■ Exercise ■
Restate the data word for word. Leave the pictures out.

Top of Data segment

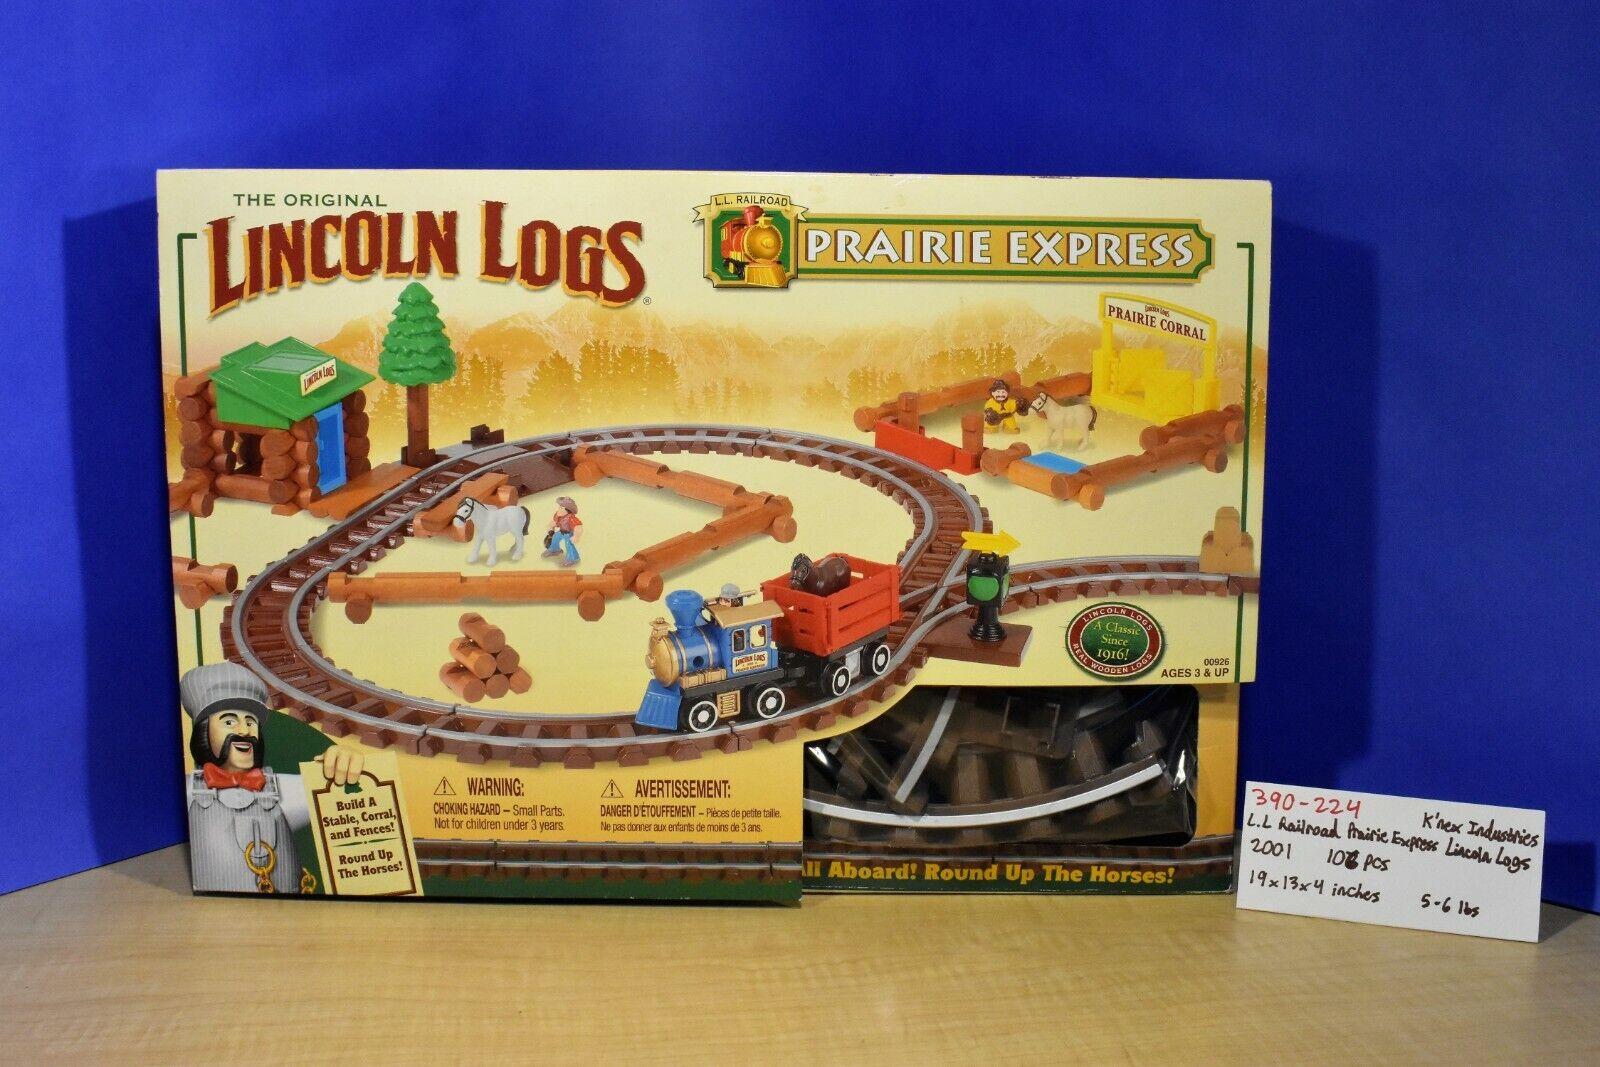 K'nex K'nex K'nex 2001 The Original Lincoln Logs Prairie Express Lincoln Logs (390-224) 10b064
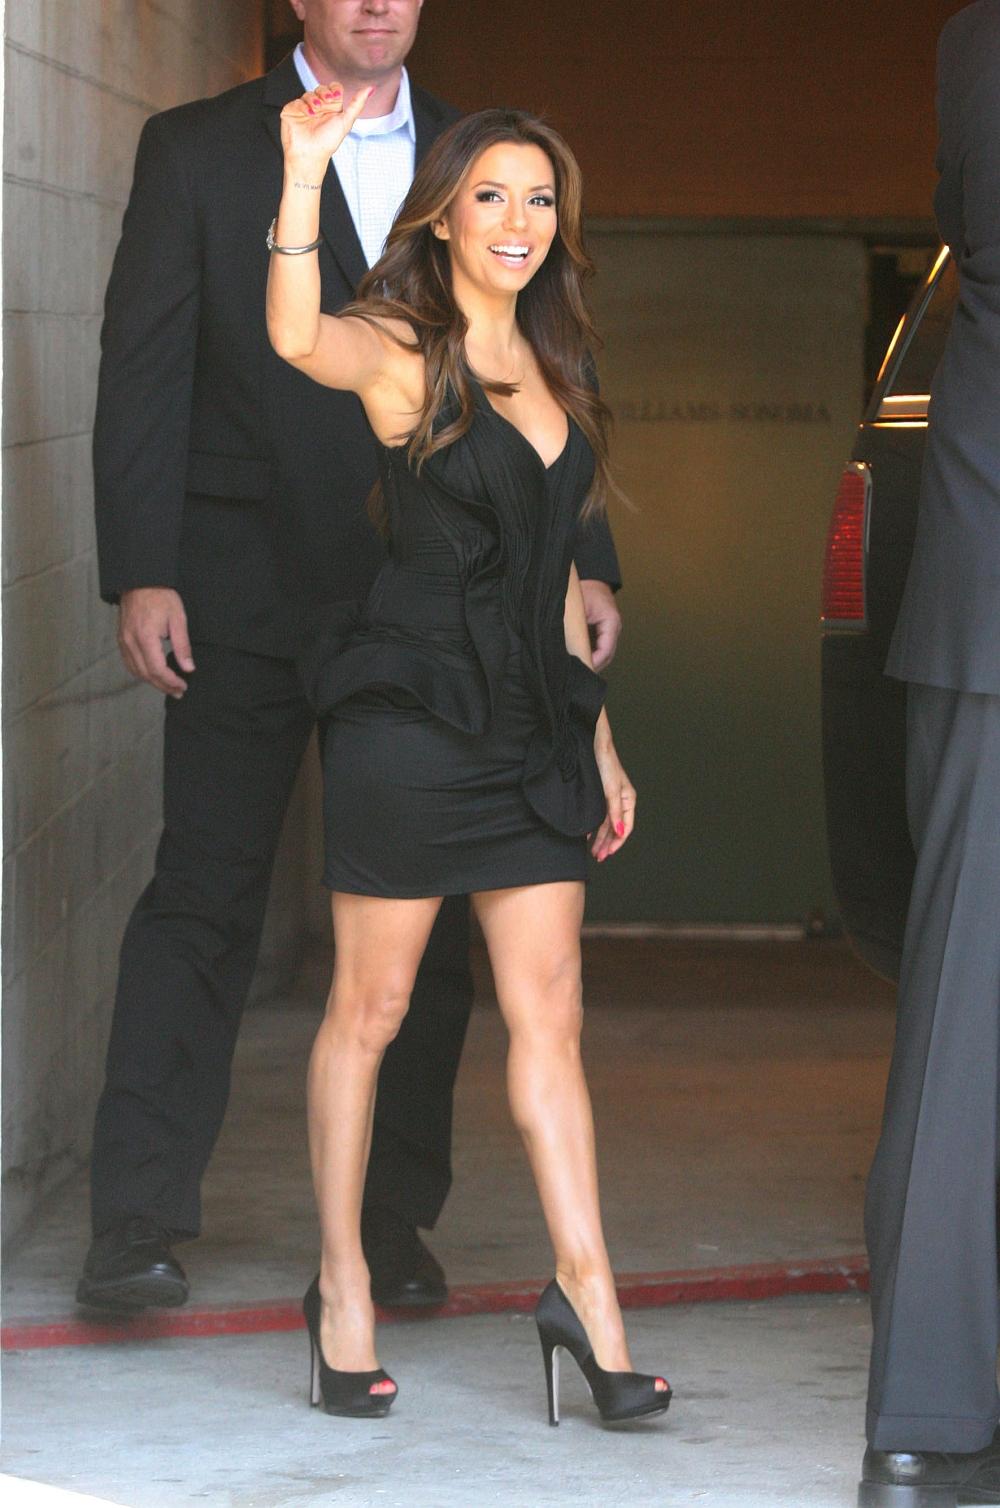 856e6790dbf Eva Longoria Has Beautiful Legs in a Short and Sexy Little Black ...
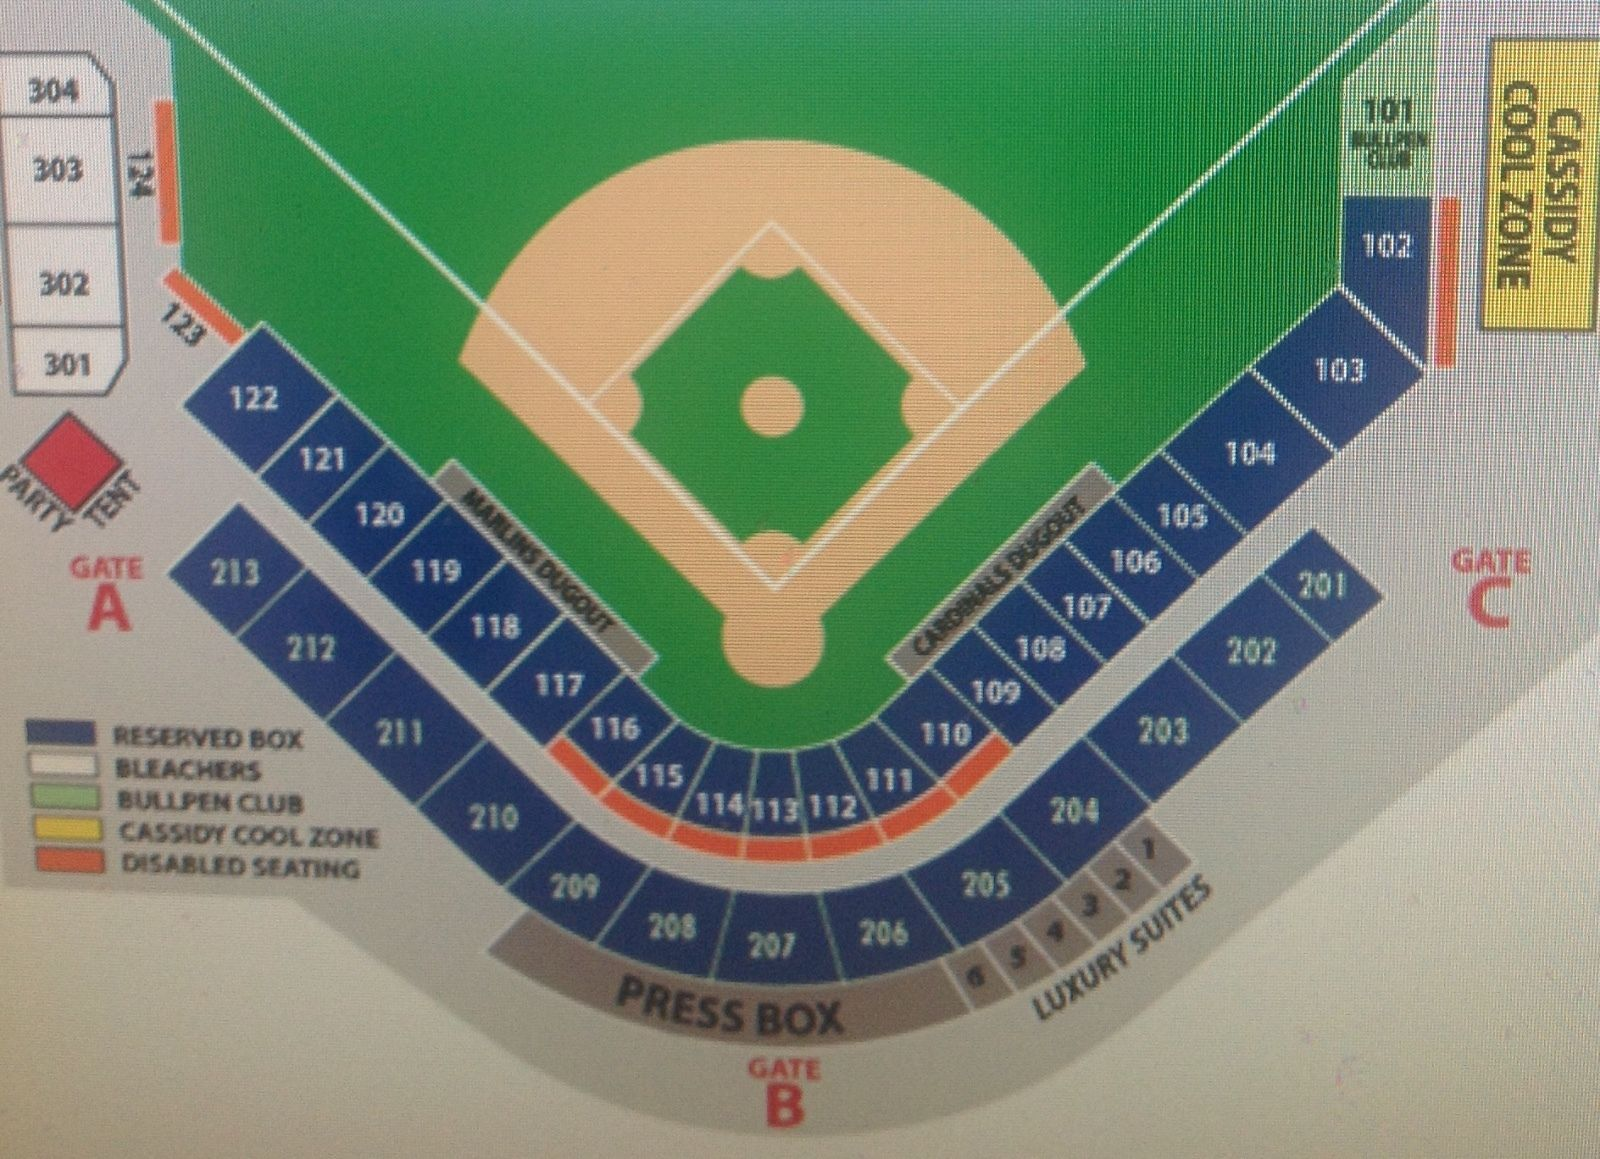 Tickets 2 Miami Marlins Vs Washington Nationals Sec 112 Row 4 Aisle Tickets 3 24 17 Tickets Miami Marlins Marlins New York Mets
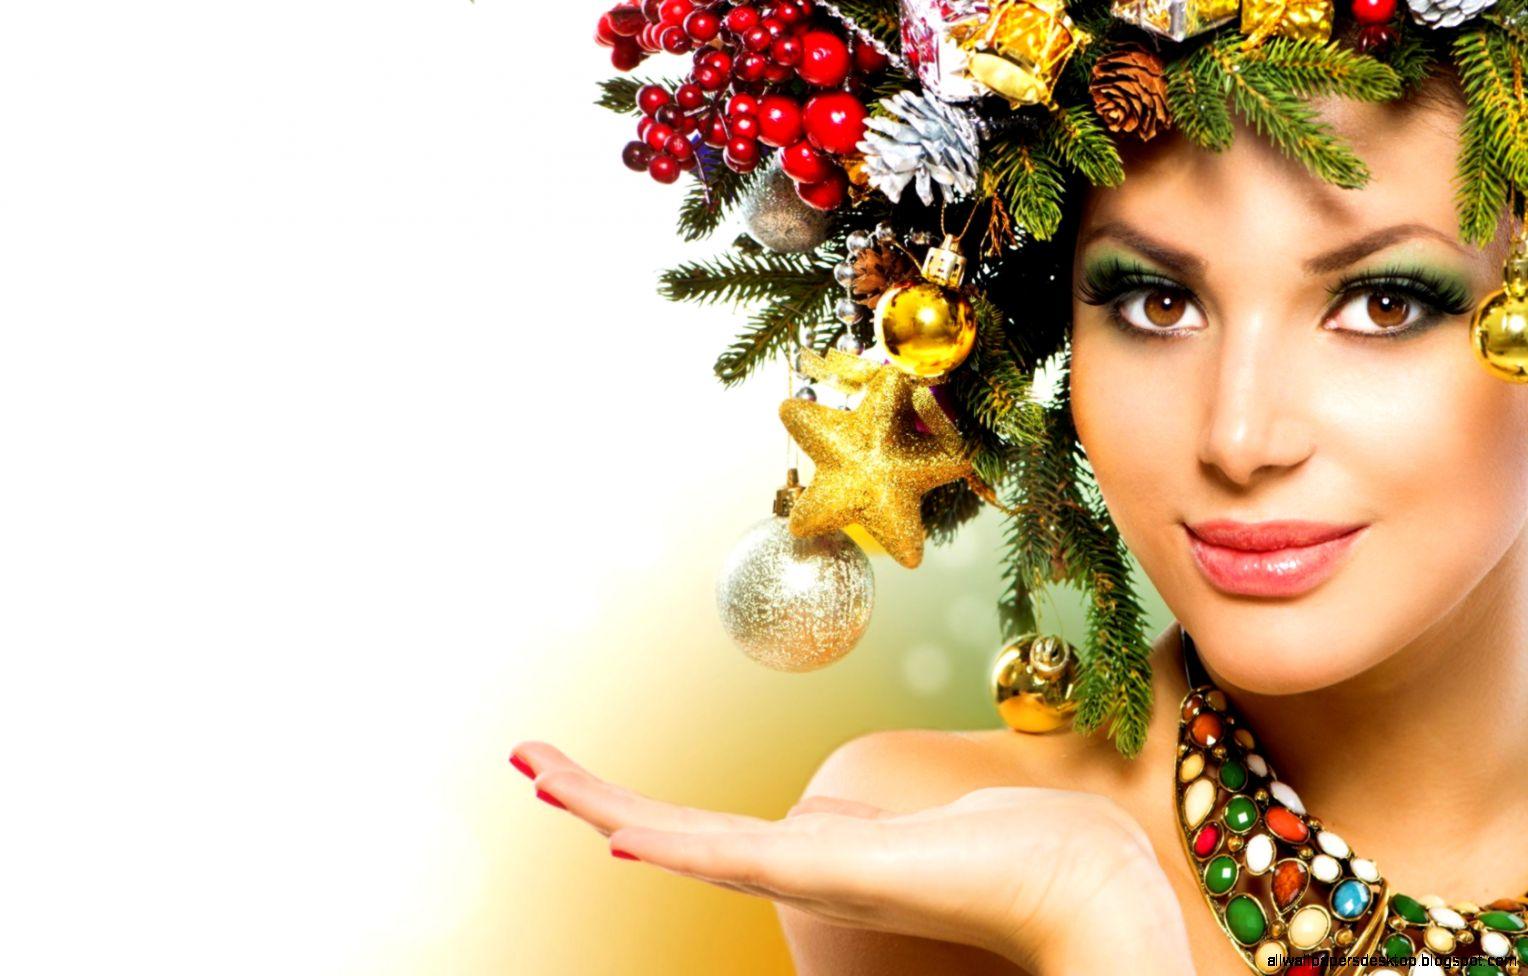 girl happiness make up laurel christmas new year photo wallpaper

Bottom of Data segment

■ Output below ■
 K'nex K'nex K'nex 2001 The Original Lincoln Logs Prairie Express Lincoln Logs (390-224) 10b064
 856e6790dbf Eva Longoria Has Beautiful Legs in a Short and Sexy Little Black ...
 Tickets 2 Miami Marlins Vs Washington Nationals Sec 112 Row 4 Aisle Tickets 3 24 17 Tickets Miami Marlins Marlins New York Mets
 girl happiness make up laurel christmas new year photo wallpaper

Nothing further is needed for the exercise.